| EXERCISE DATA |
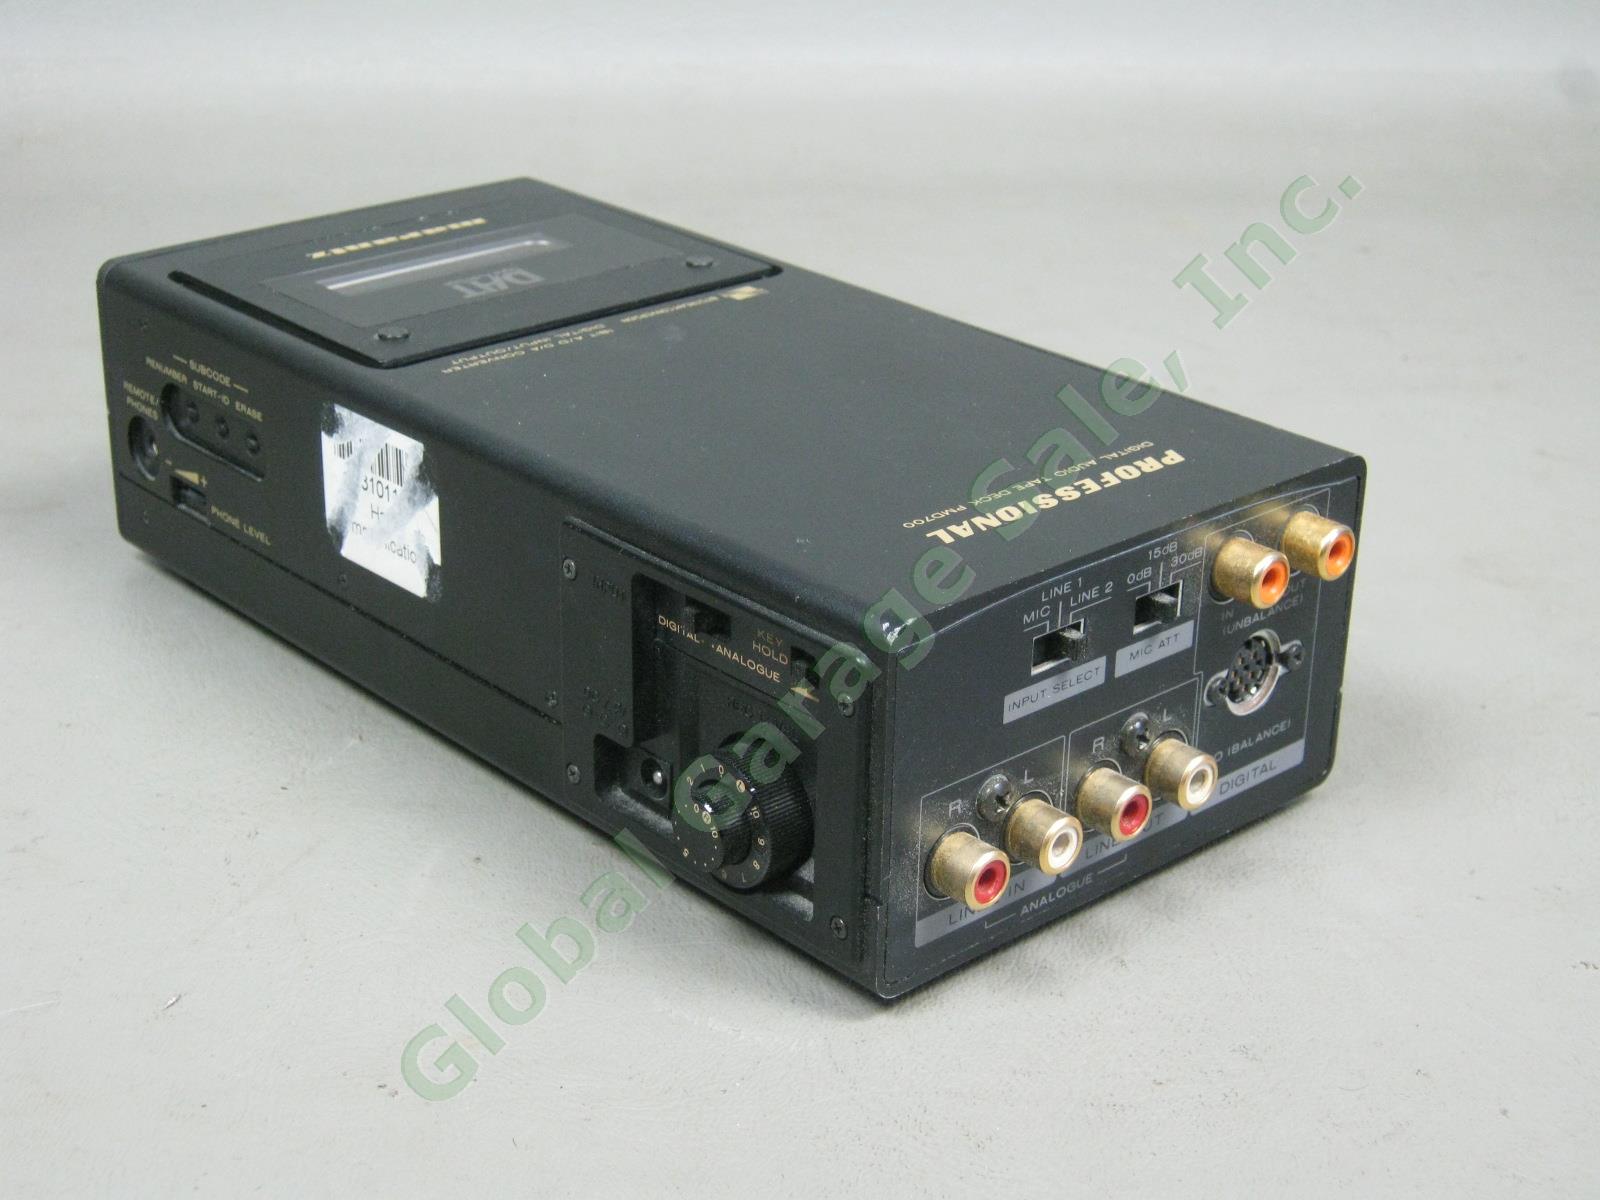 Marantz PMD700 Professional DAT Digital Audio Tape Deck Recorder +AC Adapter Lot 3
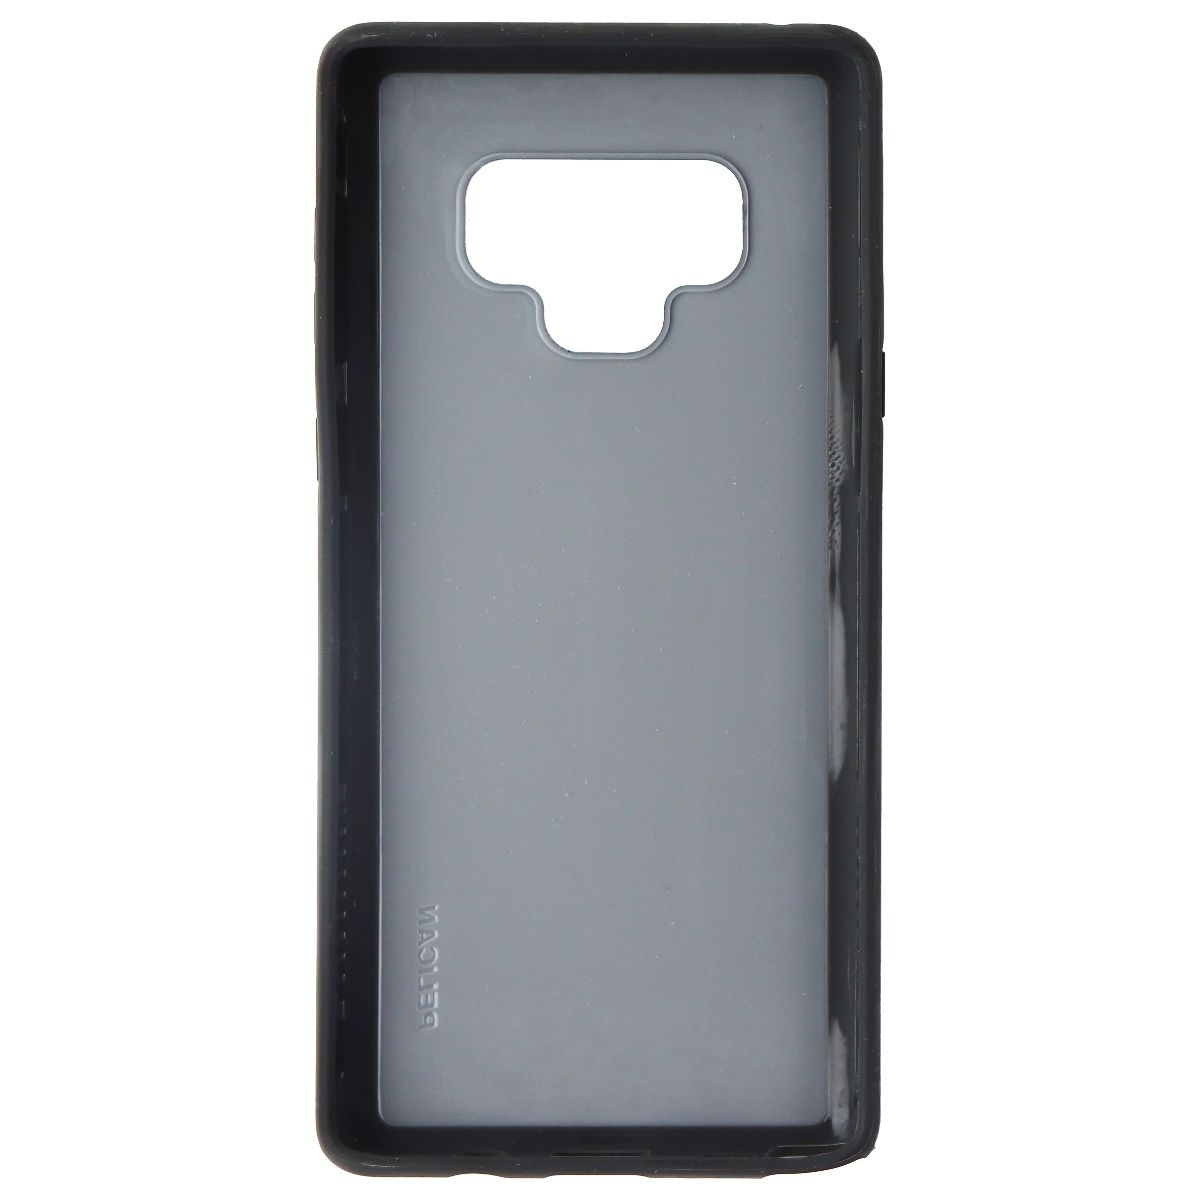 Pelican Adventurer - Samsung Galaxy Note9 Case (Metallic Silver)
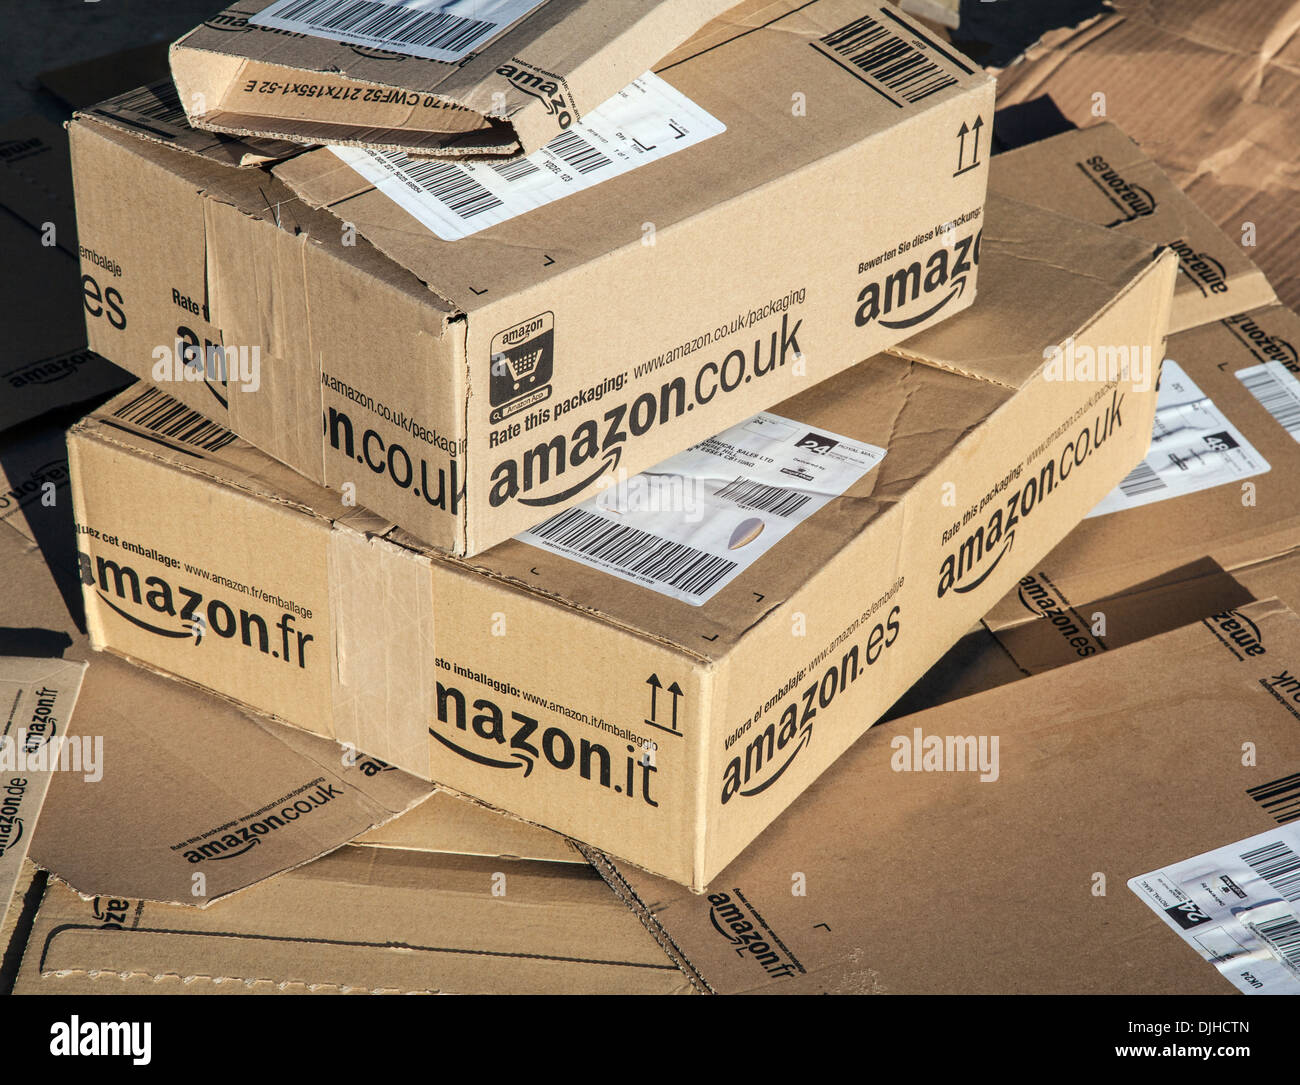 Amazon-Paket-post Stockfotografie - Alamy
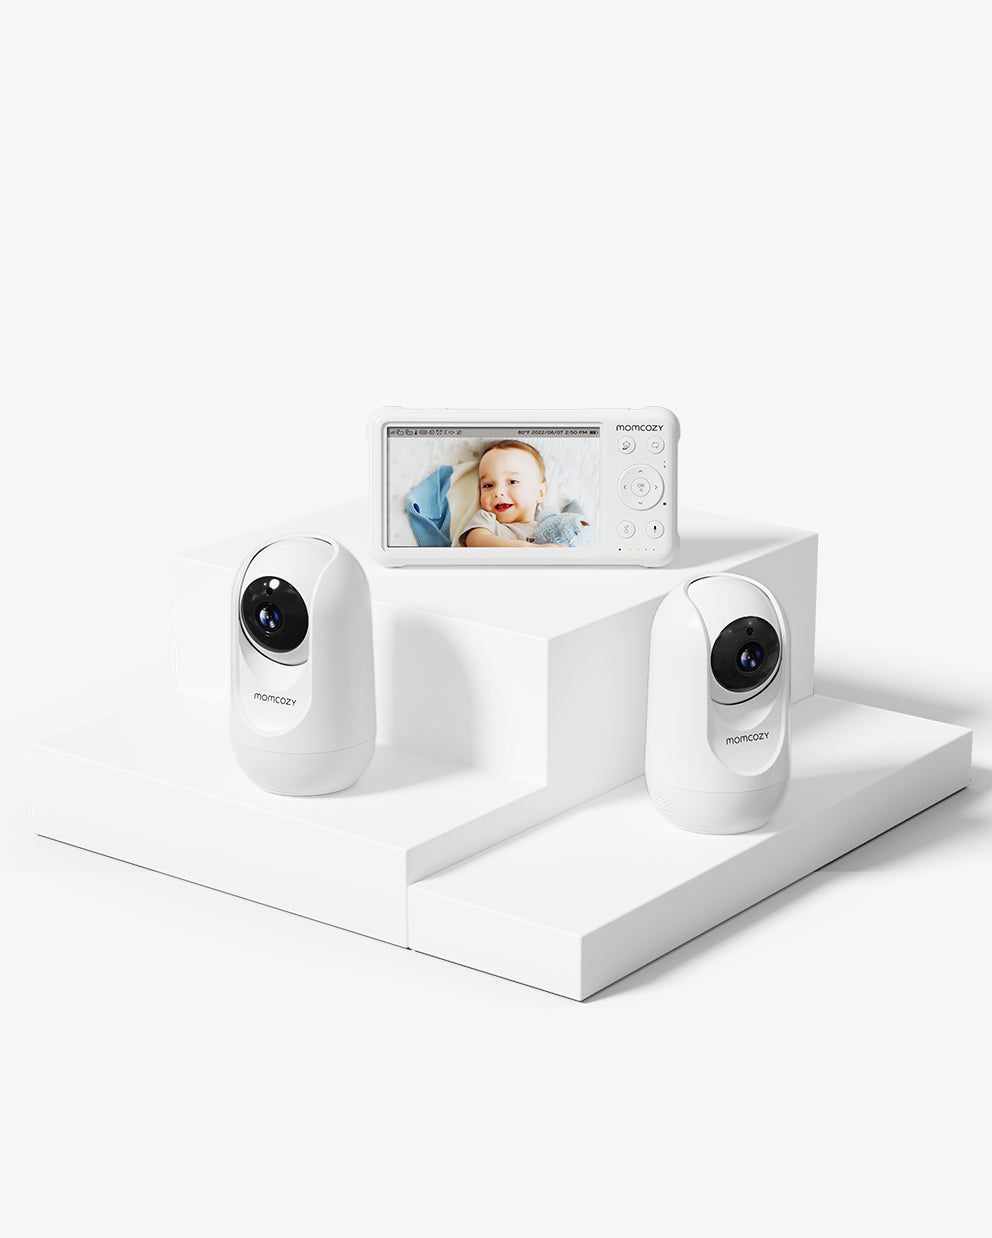 Babysense 5 HD Baby Monitor, Video Baby Monitor with Camera and

| TASK ITEM |
Copy out the whole listing exactly. Skip its pictures.

| COMPLETED TASK |
 Marantz PMD700 Professional DAT Digital Audio Tape Deck Recorder +AC Adapter Lot 3
 Pelican Adventurer - Samsung Galaxy Note9 Case (Metallic Silver)
 Amazon-Paket-post Stockfotografie - Alamy
 Babysense 5 HD Baby Monitor, Video Baby Monitor with Camera and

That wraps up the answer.